** Dataset excerpt **
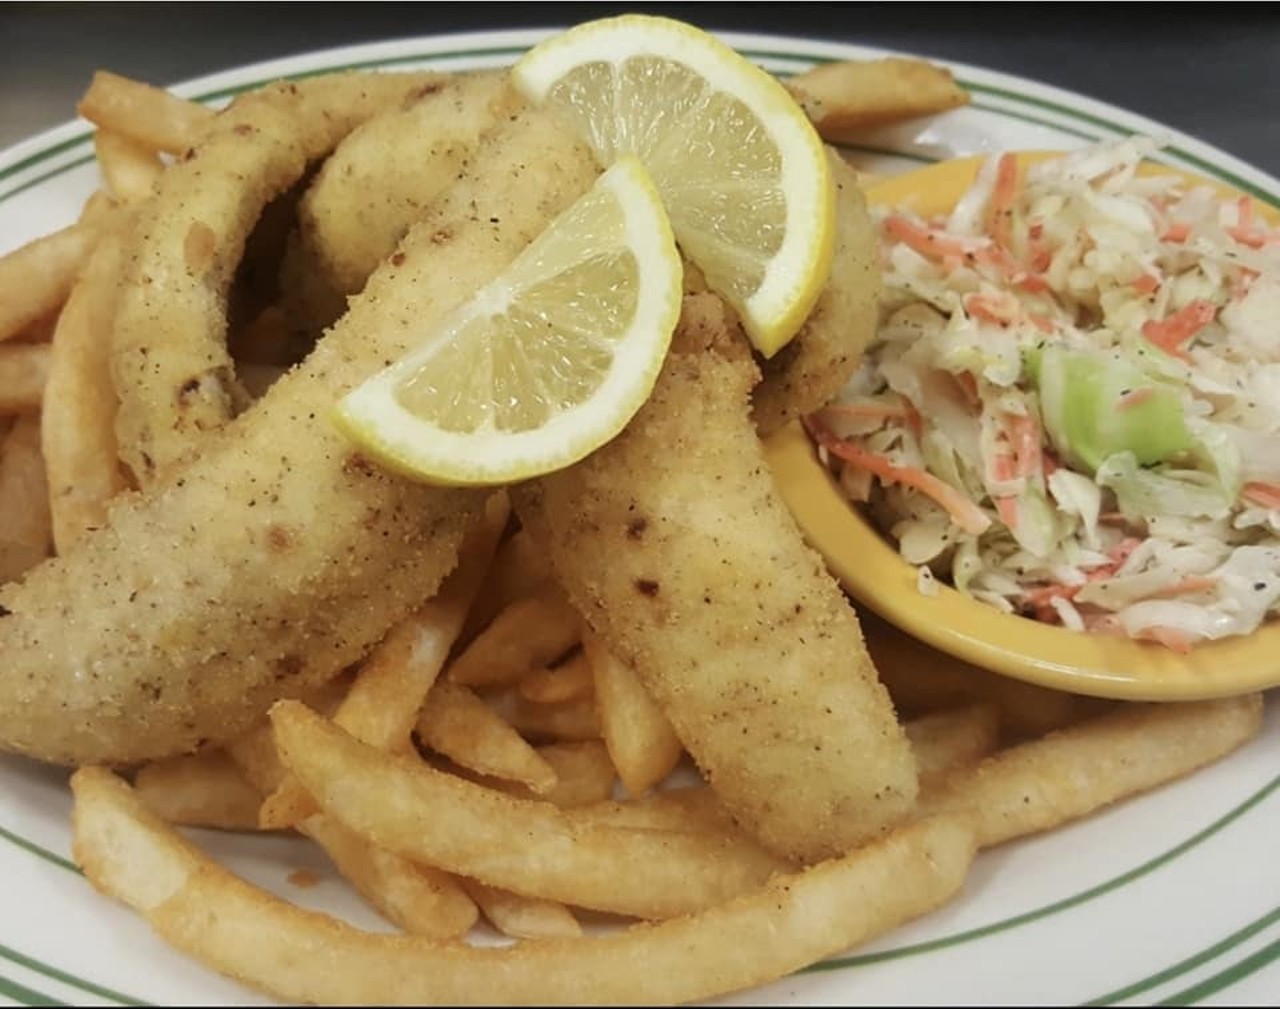  Loco Leprechaun
24545 Center Ridge Rd., Westlake
Yes, there&#146;s a bar named the Loco Leprechaun and of course they have a Friday fish fry. Every Friday during Lent, they&#146;ll serve panko hand breaded Lake Erie perch with jumbo handmade potato and cheese pierogies and slaw.
Photo via Loco Leprechaun/Facebook

** Aim of the task **
Reproduce the whole listing above word for word, but not its pictures.

** Solved exercise **
  Loco Leprechaun
24545 Center Ridge Rd., Westlake
Yes, there&#146;s a bar named the Loco Leprechaun and of course they have a Friday fish fry. Every Friday during Lent, they&#146;ll serve panko hand breaded Lake Erie perch with jumbo handmade potato and cheese pierogies and slaw.
Photo via Loco Leprechaun/Facebook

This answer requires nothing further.